THE INPUT -
......

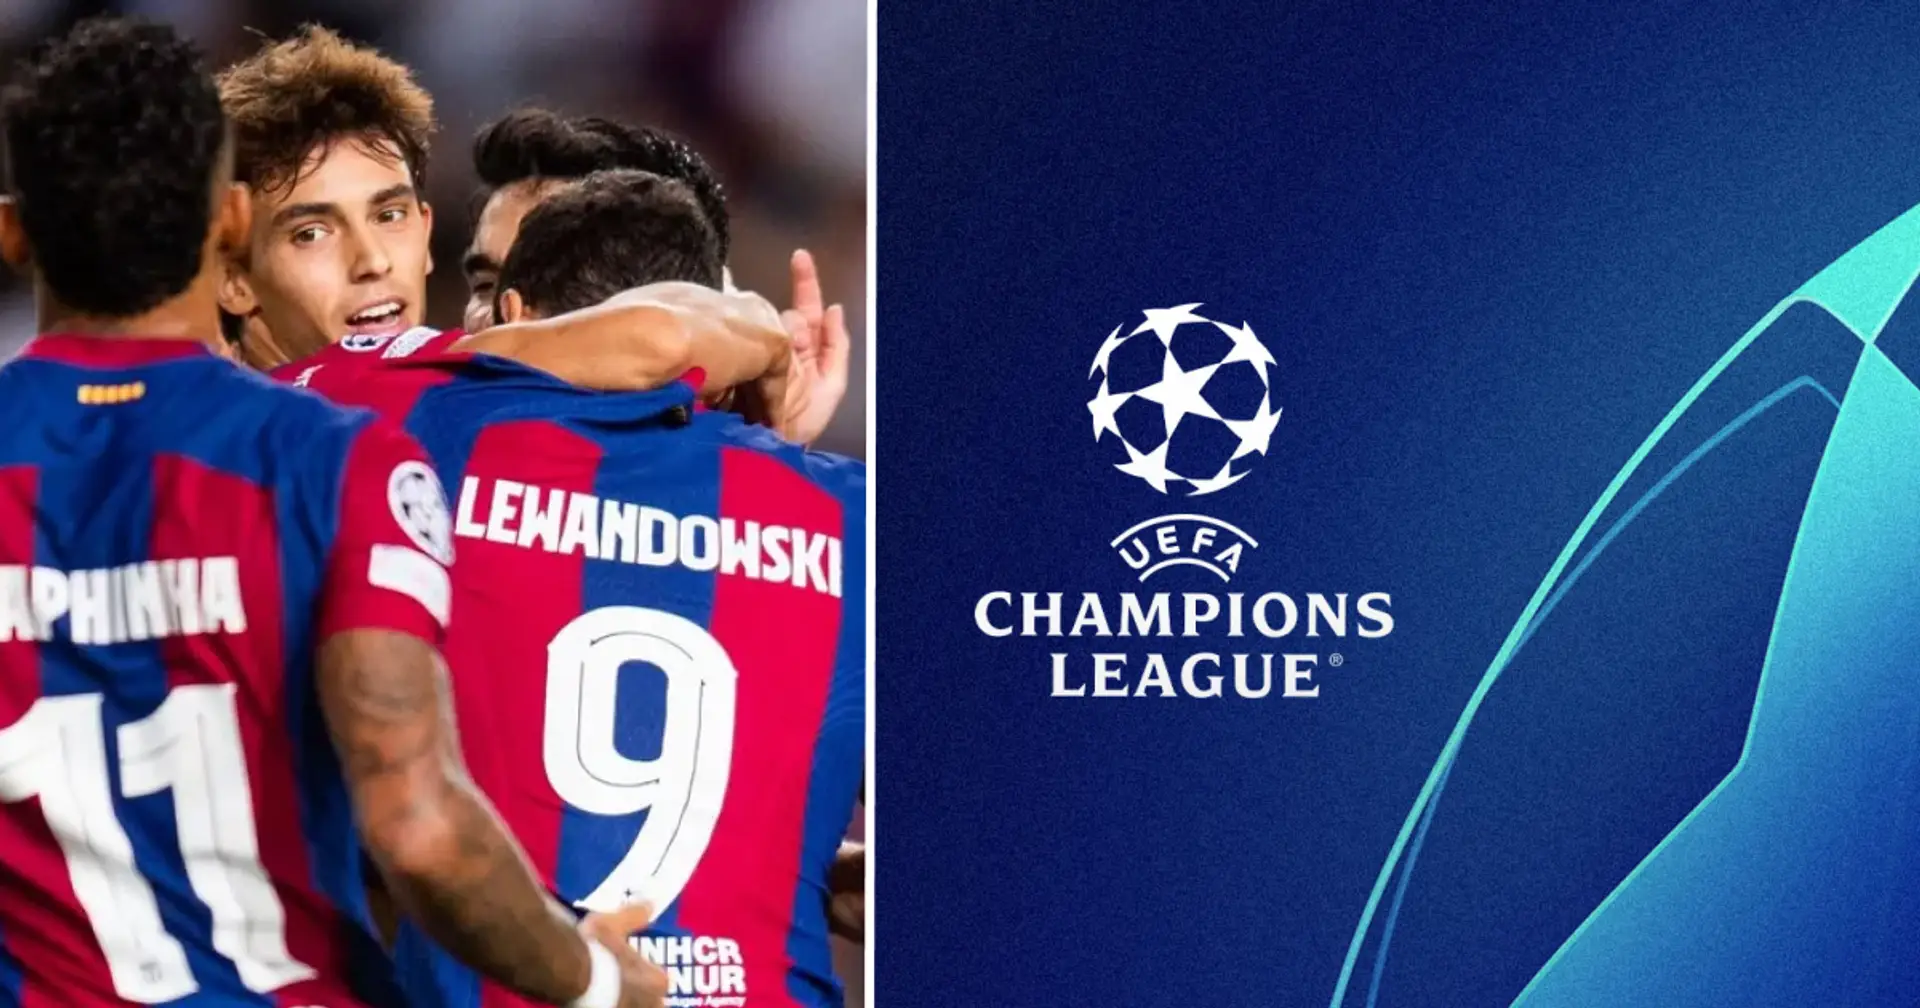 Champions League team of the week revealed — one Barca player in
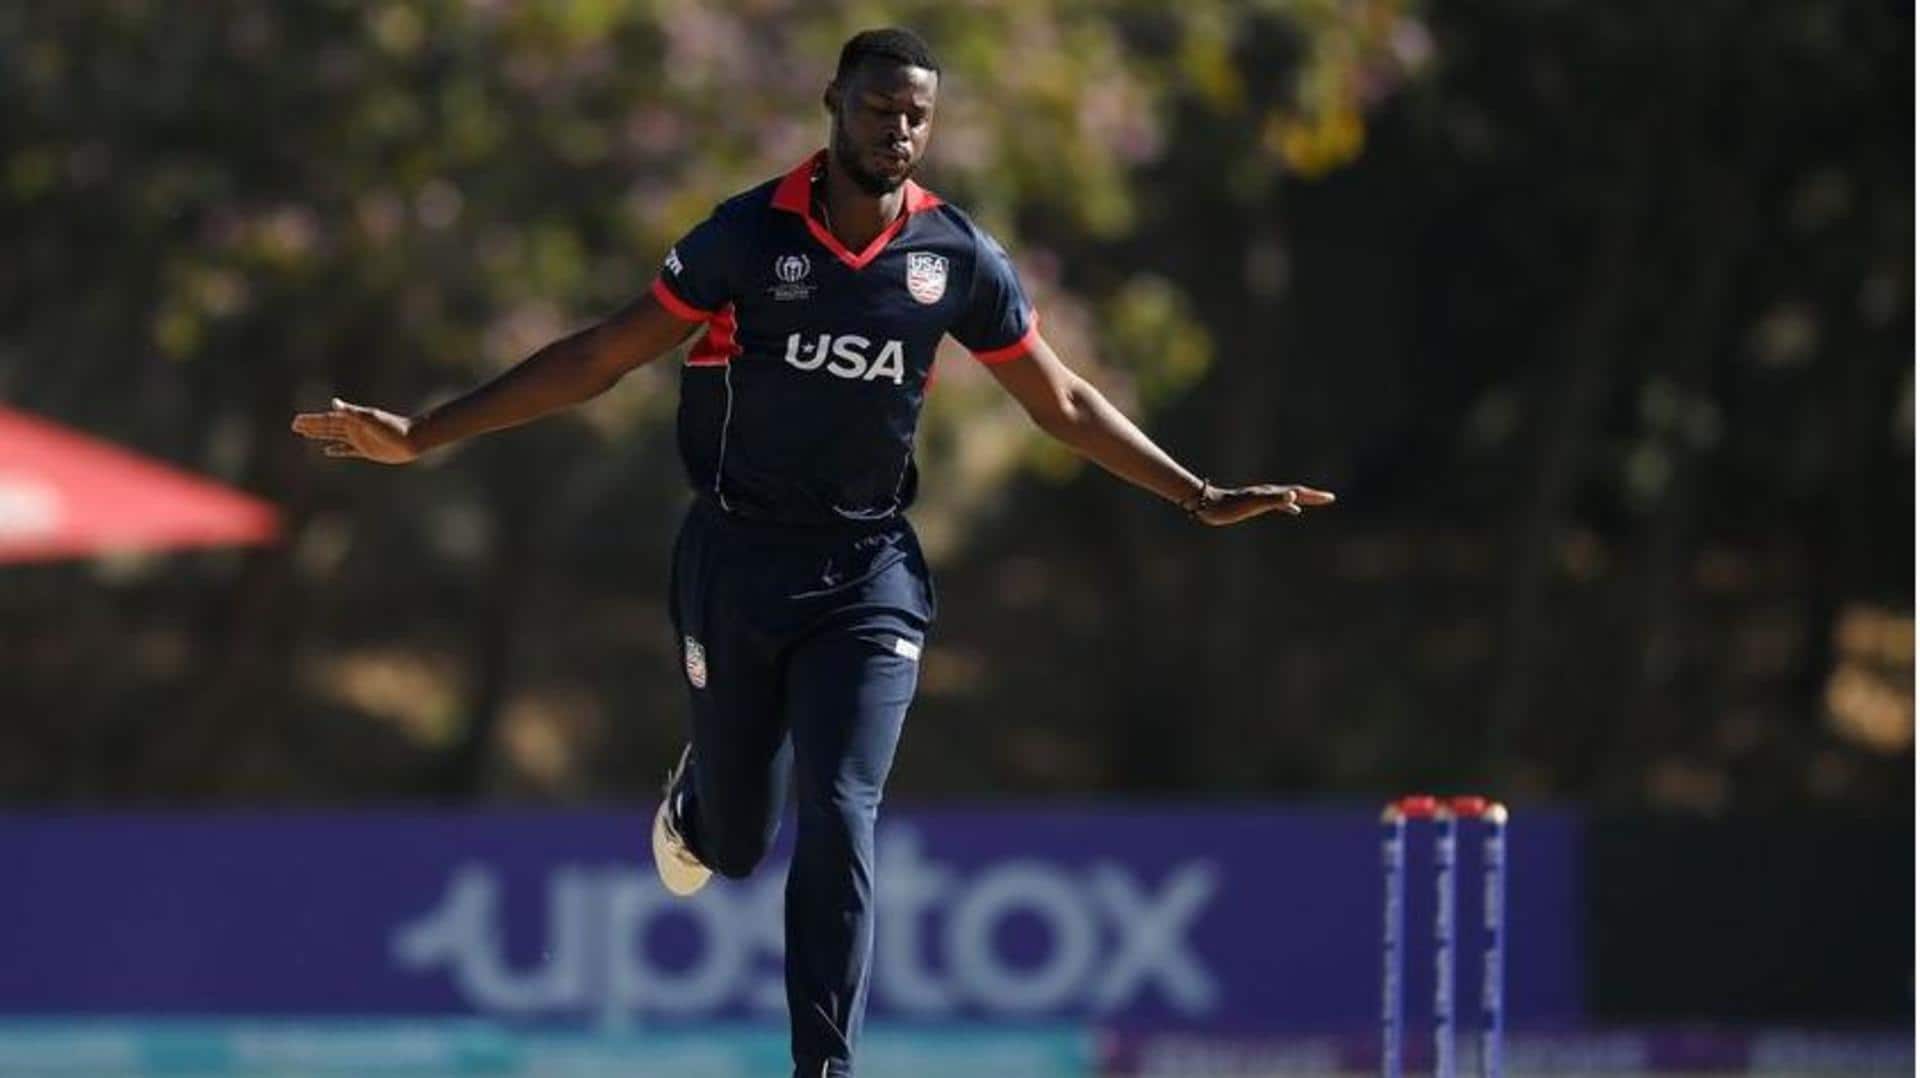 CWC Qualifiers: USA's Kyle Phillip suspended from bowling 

......

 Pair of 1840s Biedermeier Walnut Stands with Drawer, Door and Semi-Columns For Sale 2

......

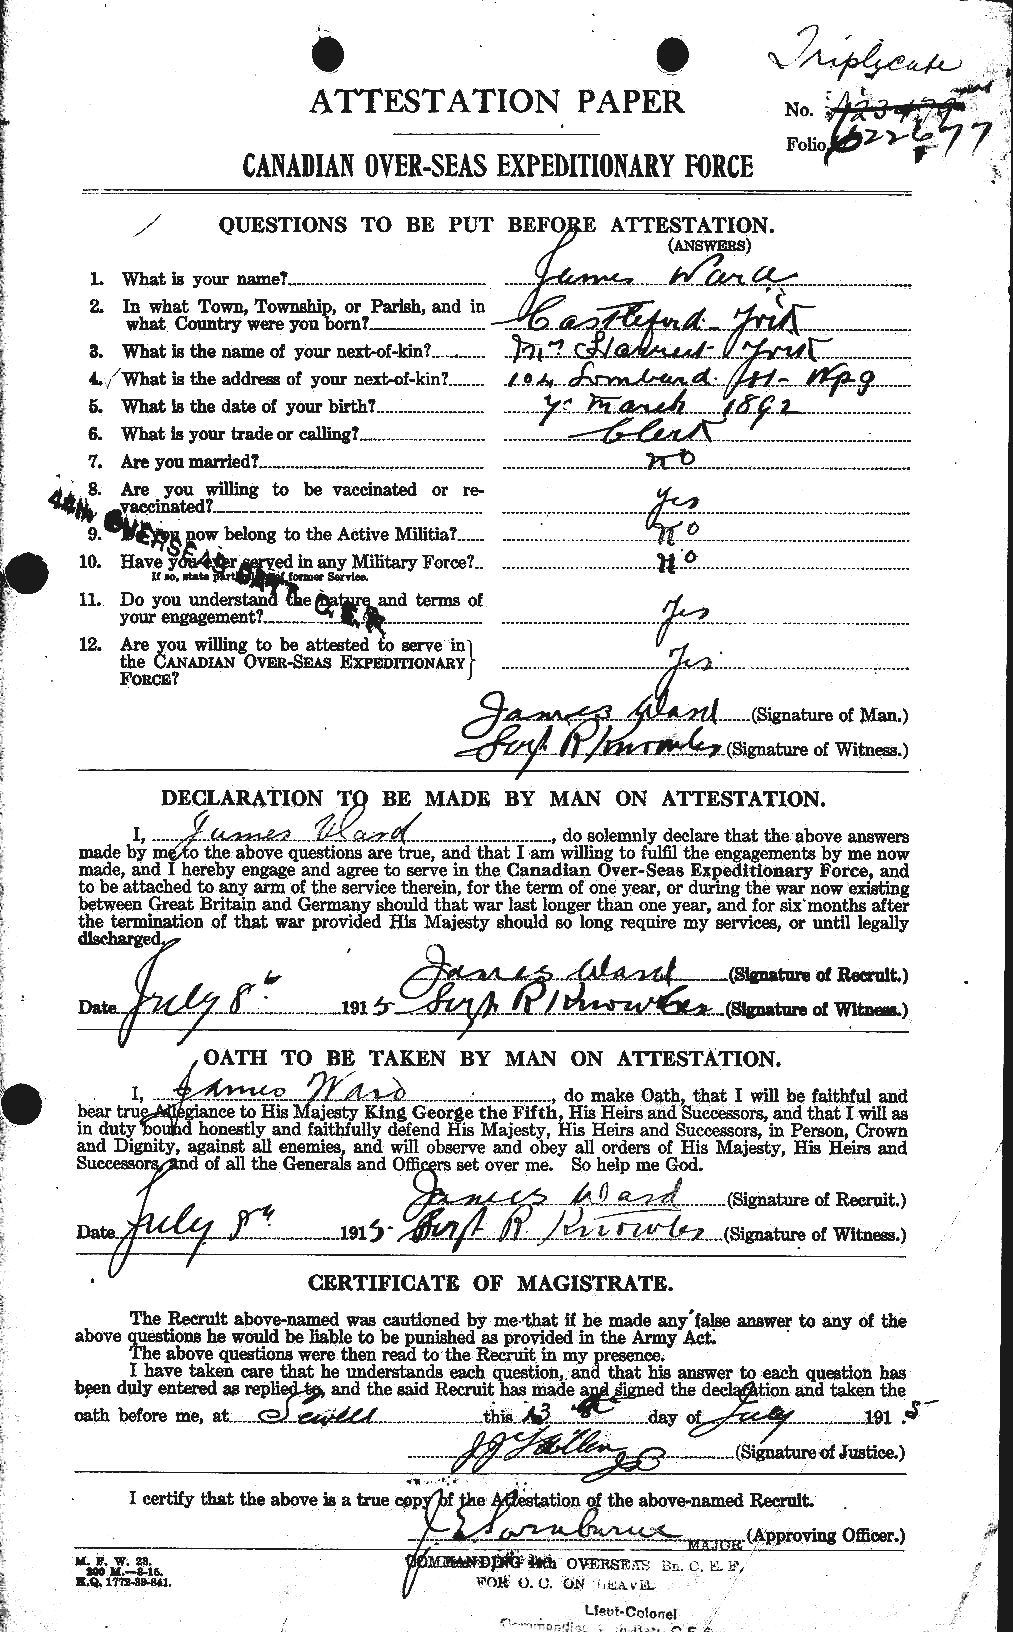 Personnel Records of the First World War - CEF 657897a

......

WORK ITEM - Your reply should consist solely of the lines above from the line containing "Champions League team" up to and including the line containing "CWC Qualifiers: USA's", reproduced exactly, minus the pictures.

ANSWER SPACE -
 Champions League team of the week revealed — one Barca player in
 CWC Qualifiers: USA's Kyle Phillip suspended from bowling 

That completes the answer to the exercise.